The Institutional Ethics Committees of the Xiangyang No. 1 People’s Hospital and Taihe Hospital approved this retrospective study and waived the requirement for patient informed consent. From January 26, 2020 to February 20, 2020, eight preschool children with laboratory-confirmed COVID-19 from the Xiangyang No. 1 People’s Hospital, Hubei University of Medicine, Xiangyang, Hubei, China and Taihe Hospital, Hubei University of Medicine, Shiyan, Hubei, China were enrolled in the present study. These patients have not been included in any other reports, and the datasets used in the current study are available from the corresponding author on reasonable request. The inclusion criteria were 1) patients aged less than 6 years; 2) patients with complete clinical history information and CT image data; and 3) patients with good chest CT image quality.

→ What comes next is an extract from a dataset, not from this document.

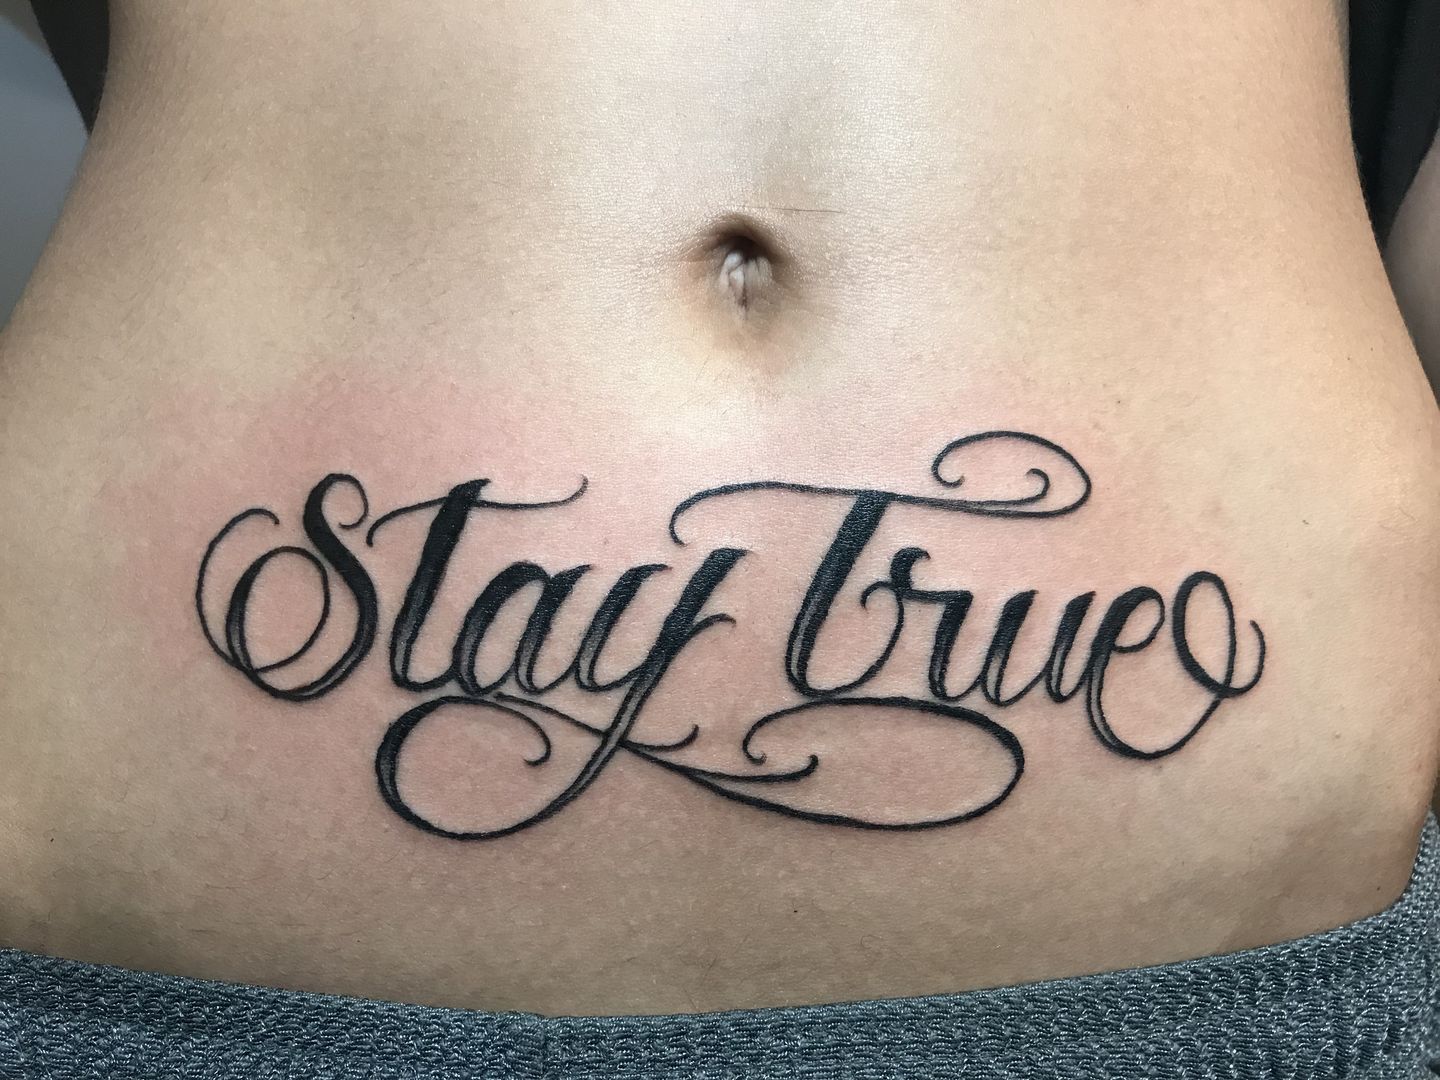 Stay True Tattoo 1030 S Limit Ave Sedalia MO Tattoos  Piercing   MapQuest

The diagnosis of COVID-19 was based on the Guidelines for the Diagnosis and Treatment of Novel Coronavirus Pneumonia (6th Trial Edition) proposed by the National Health Commission of the People’s Republic of China [11]. All patients were positive for COVID-19 after detection of SARS-CoV-2 from nasal swabs or aspirates via laboratory testing with real-time reverse transcriptase polymerase chain reaction (RT-PCR). The CT images and clinical data of all patients were collected. All patients were administered with anti-viral and supportive treatment, and prevention of complications based on their clinical condition.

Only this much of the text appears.